Oui, Cannes, Semaine de la Critique, mon premier film.

Mais c'était ma quatrième fois au festival. Y étais venu en 1978 et 79 pour vendre des magazines, dans les rue et sur les plages. Vente à la criée (mais ne criant pas, ai très peu vendu). J'y avais découvert Fassbinder et croisé Chantal Akerman, son sourire merveilleux (mais elle ne m'avait pas acheté un de mes numéros 300 des Cahiers du Cinéma, Spécial Jean-Luc Godard —elle l'avait déjà). Y étais revenu en autostop en 1980, avec mon ami Élie Poicard, pour voir Sauve qui peut (la vie) et The Big Red One.

1984, donc. L'hôtel était assez éloigné de la croisette, sur un grand boulevard au-delà de la gare. Aucun souvenir d'avoir parlé du film, ni d'avoir rencontré quiconque. Sauf, le dernier jour, une fille avec qui j'étais au lycée, devenue journaliste (on n'avait jamais échangé un mot —mais comment elle, à l'époque si fine et insolente, était-elle si vite devenue cette petite professionnelle rangée?) 

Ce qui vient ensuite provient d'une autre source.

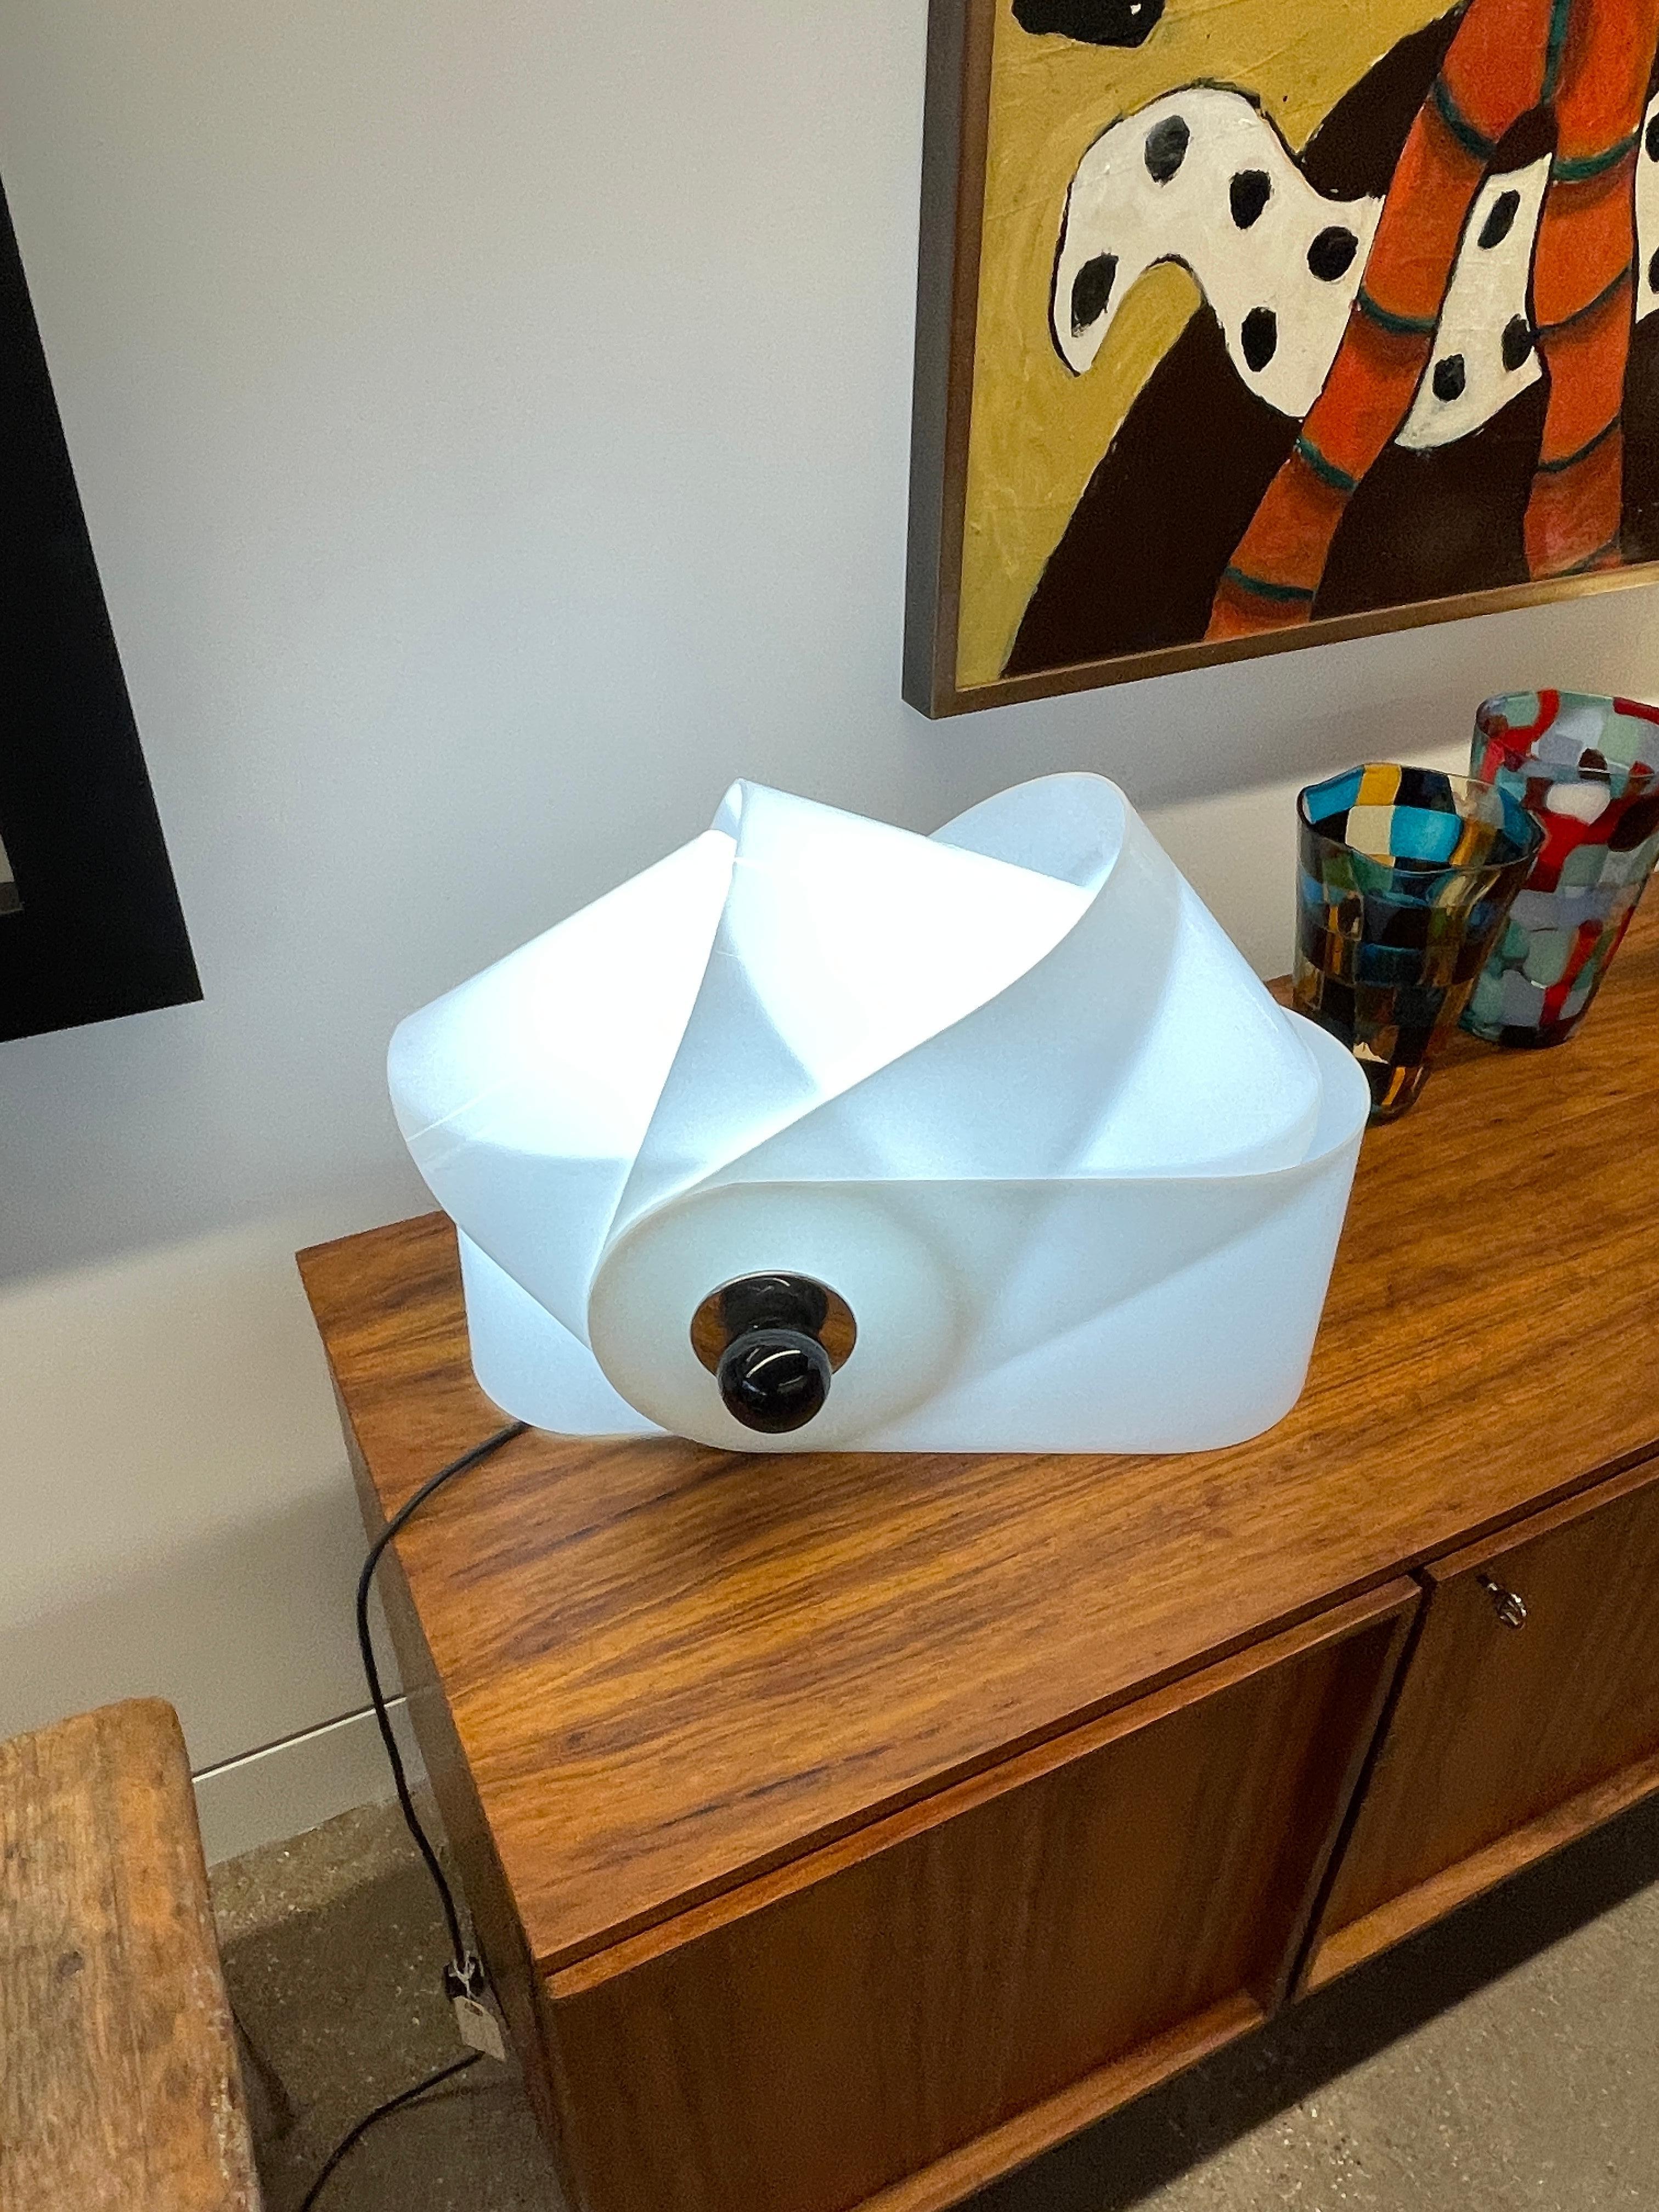 Early Production White Model “Gherpe” Table Lamp by Superstudio for Poltronova In Excellent Condition For Sale In Skokie, IL

J'étais sûrement content que le film soit là. J'étais jeune (mon film a d'ailleurs reçu le Prix de la Jeunesse; ai reçu le même prix pour Holy Motors—30 ans plus tard. La jeunesse n'a pas de prix)

Me souviens avoir aimé un film présenté cette année-là, en noir & blanc lui aussi: Stranger Than Paradise, de Jim Jarmush. Sentiment que c'était là un vrai film, alors que le mien faisait semblant.

La Semaine de la Critique (drôle d'intitulé; pourquoi pas: Semaine du Châtiment?) a donc 60 ans. Comme moi. Et comme aurait dit Tom Lehrer (cité dans Boy Meets Girl, puis Annette): "Et dire que quand Mozart avait notre âge, il était déjà mort depuis 25 ans".

Merde & courage aux futurs critiqués.